In previous variable resistance devices, such as potentiometers, sliding contacts have generally been required. Inherent in such arrangements is undesirable electrical noise created by the movement of the contacts. In the past, it has also been difficult to construct potentiometers with precision resistance characteristics. For example, complicated exponential tapers have been especially hard to achieve.
It is an object of this invention to provide a new type of variable resistance device.
It is an additional object of this invention to provide a resistance device which avoids one or more disadvantages of prior art arrangements.
It is a further object of this invention to provide a variable resistance device which can be constructed to a high degree of electrical accuracy.
' It is a further object of this invention to provide a variable resistance device in which the range over which the resistance can be varied can be adjusted.
It is a further object of this invention to provide a new type of signal generator.
In accordance with the present invention, a variable resistance device comprises a first pair of conductors spaced along their length, at least one additional conductor positioned between the first pair of conductors so that the spacing between the third conductor and the first pair of conductors varies over the length of the third conductor. The apparatus further comprises a photosensitive layer, whose electrical resistance is dependent upon the illumination of the layer, in contact with each of the conductors and extending between them, and means for illuminating a variable portion of the layer, which portion always includes points at which the layer contacts each of the conductors, the variable resistance device being so constructed and arranged that if a potential is applied between the first pair of conductors, the portion of the potential existing between the additional conductor and either one of the first pair of conductors is determined by the particular portion of the layer which is illuminated. For a better understanding of the present invention, together with other and further objects thereof, reference is had to the following description taken in connection with the accompanying drawings, and its scope will be pointed out in the appended claims.
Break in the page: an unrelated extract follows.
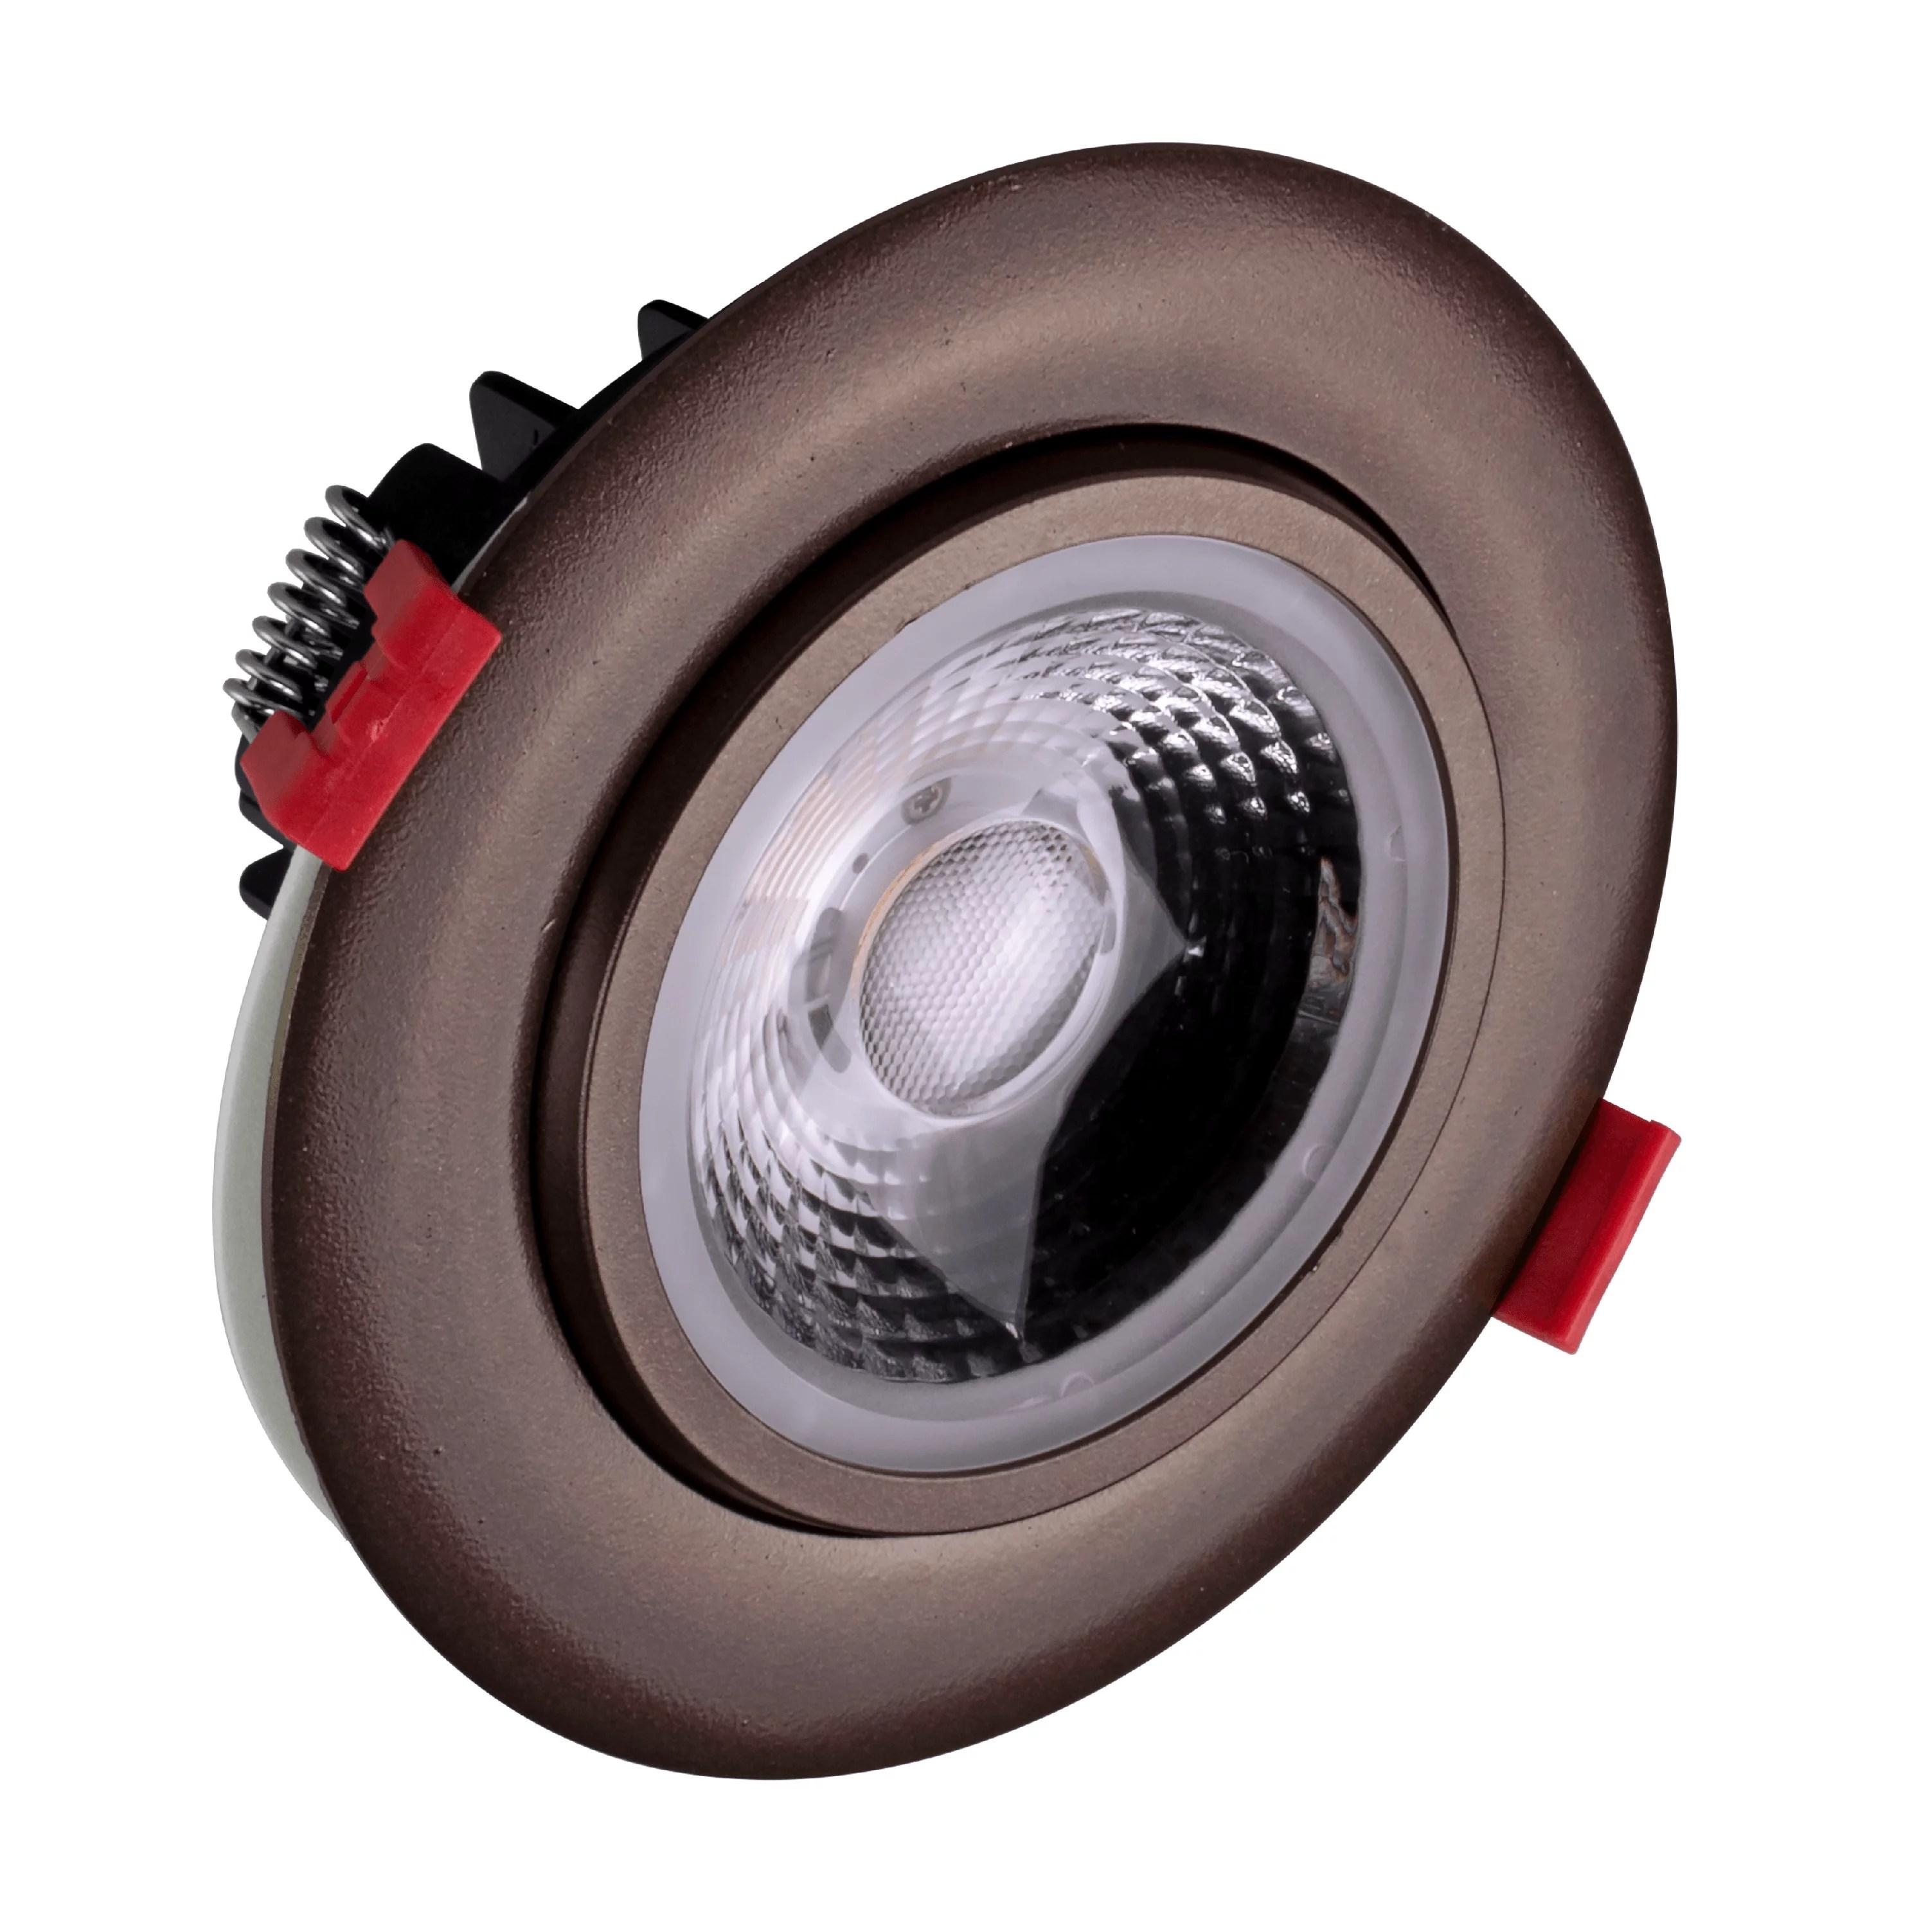 nicor lighting 4 inch led gimbal recessed downlight in oil rubbed bronze 5000k dgd411205krdob
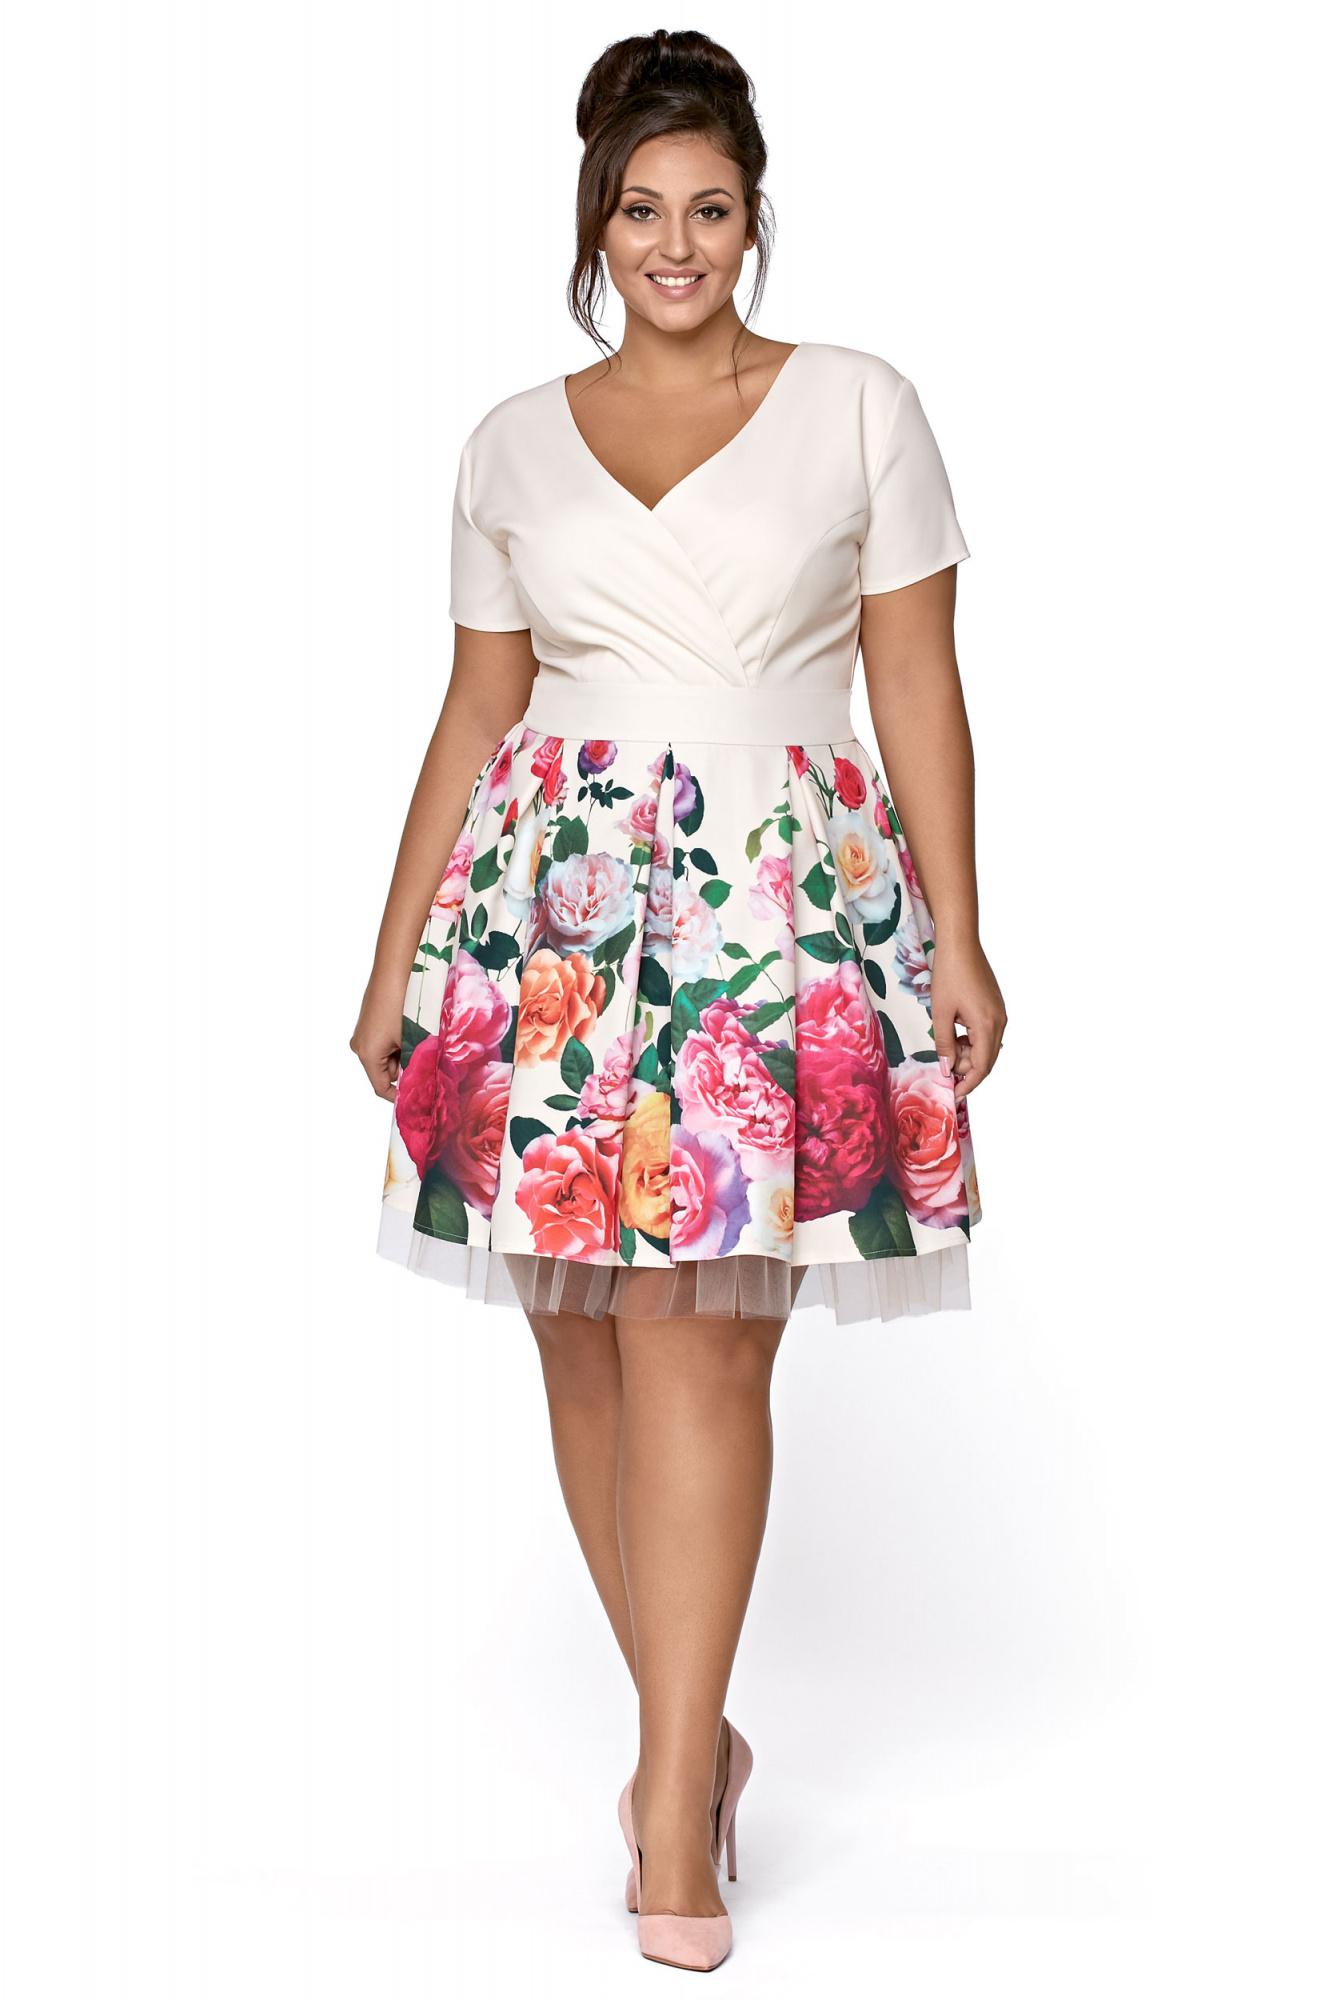 033ad50c6a Rozkloszowana wizytowa sukienka w kwiaty km223-1ps - ❤ Kartes-Moda ❤

Referring to the drawings:
FIGS. 1a and lb represent one form of Variable resistance device in accordance with the invention;
FIG. 2 is a development of the surface of the cylinder of FIG. 1;
FIGS. 3 and 4 represent configurations in accordance with the invention capable of producing exponential resistance relationships, and
FIGS. 5, 6, and 7 illustrate arrangements suitable for use in signal generators for producing sinusoidal wave forms, square wave forms and sine-cosine wave forms, respectively.
Referring now to FIGS. 1 and 2 of the drawings, FIG. 1a shows a variable resistance device in the form of a potentiometer utilizing the invention, FIG. 1b is an end view of the FIG. la arrangement and FIG. 2 is a development of the surface of the cylinder of FIGS. 1a and 1b.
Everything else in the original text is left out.